Linoleic acid can increase moisture, reduce inflammation, and possibly even help to enhance the general function of the skin barrier for people with irritated, inflamed, or dry skin.

According to Dr. Ramachandra, the substance is still helpful for acne-prone skin even if the source of your breakouts isn't low levels of linoleic acid because it contains anti-inflammatory characteristics that help reduce acne.

How to Add Linoleic Acid to Your Daily Routine

If the advantages of linoleic acid sound appealing, you'll be glad to hear that the ingredient can be found in many cleansers, serums, and facial moisturizers. Dr. Ugonabo advises using it as needed, up to twice daily.

“To ensure sure you are not allergic to linoleic acid or any other compounds in the product, I would start with a patch test," Dr. Ugonabo recommends. Apply a small bit of a skin-care product to an unnoticeable area of the face for roughly 48 hours. This will allow you to observe any irritation or reactions.
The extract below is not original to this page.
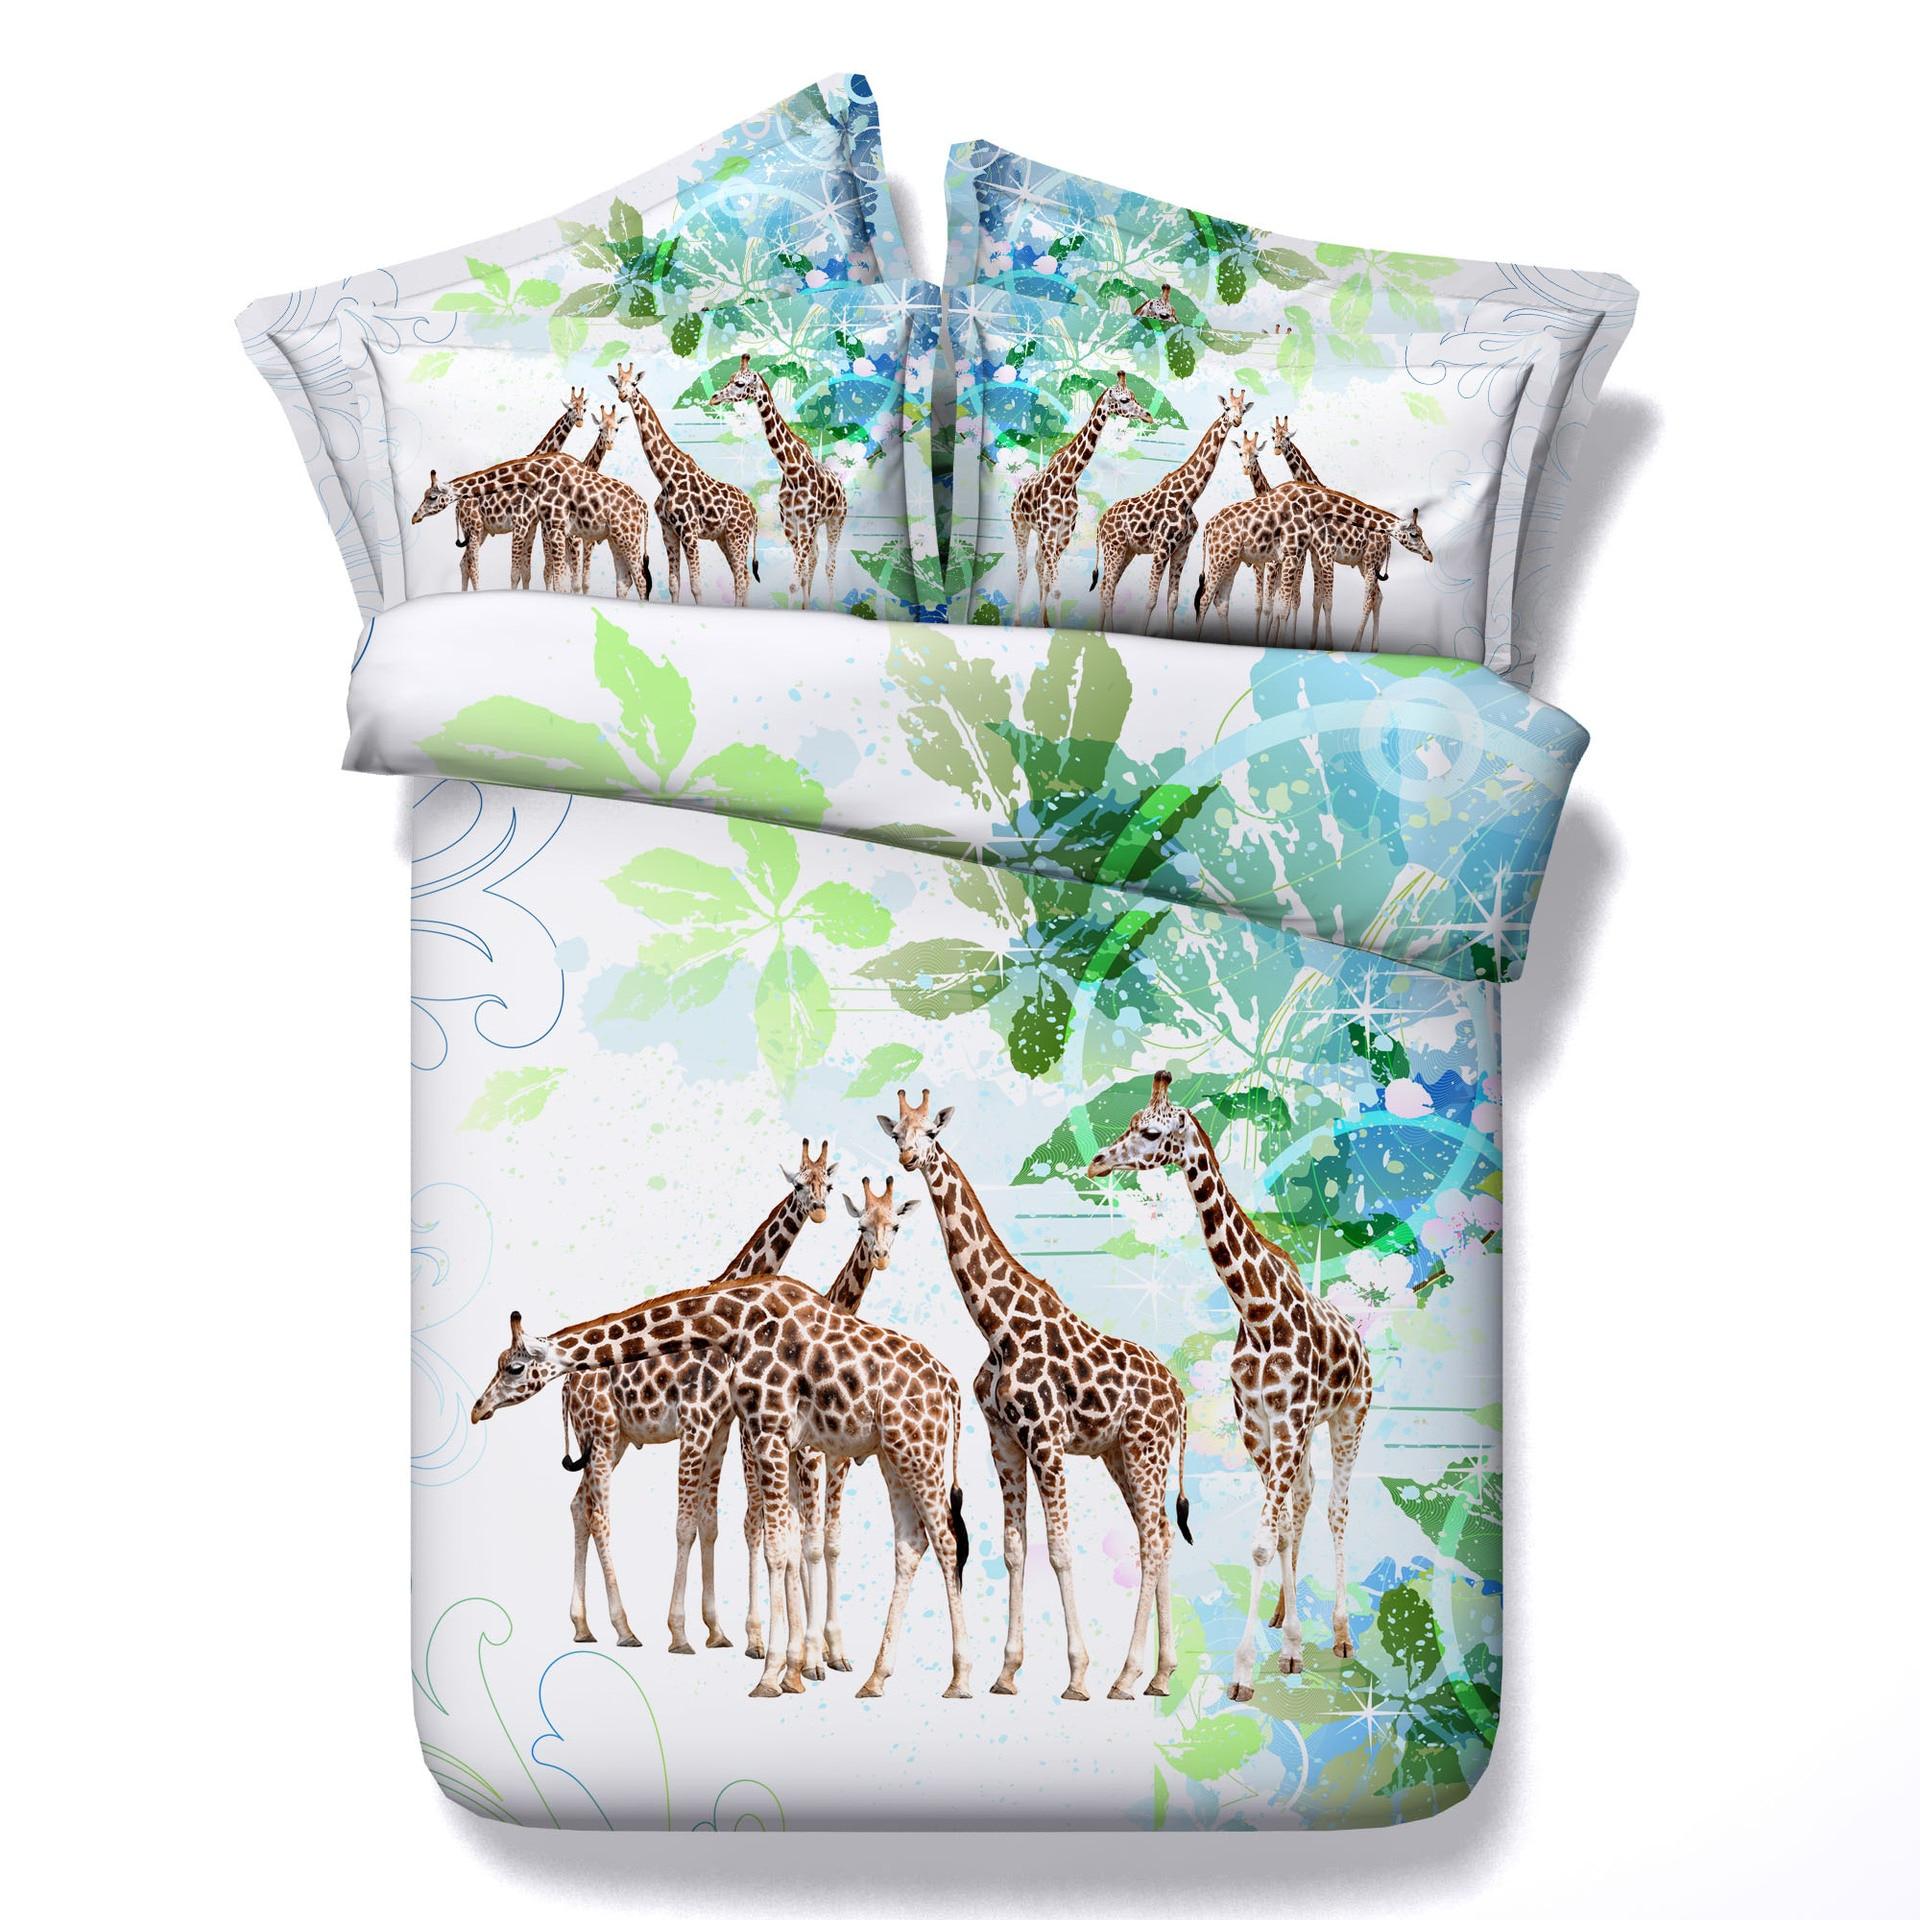 Power Source New Home Textile 3d Giraffe Zoo Animal Kids Bedding Sets Bedlinen Duvet Cover Pillowcase Bedlinen Set For Chilren Boy Adult Set Providing Amenities For The People; Making Life Easier For The Population

Additionally, the chemical may be found in acne treatments like the Jori Acne & Oil Control Primer, which Dr. Zeichner says does double duty by both treating and preventing outbreaks while also lowering shine and minimizing pore size. It won't irritate the skin when applied alone or under makeup every day.

In the end, linoleic acid may be the underutilized super component you've been omitting from your skin-care regimen. It is best to speak with a dermatologist if you have any queries or concerns about the effects of linoleic acid on your skin in order to receive advice tailored to your skin type.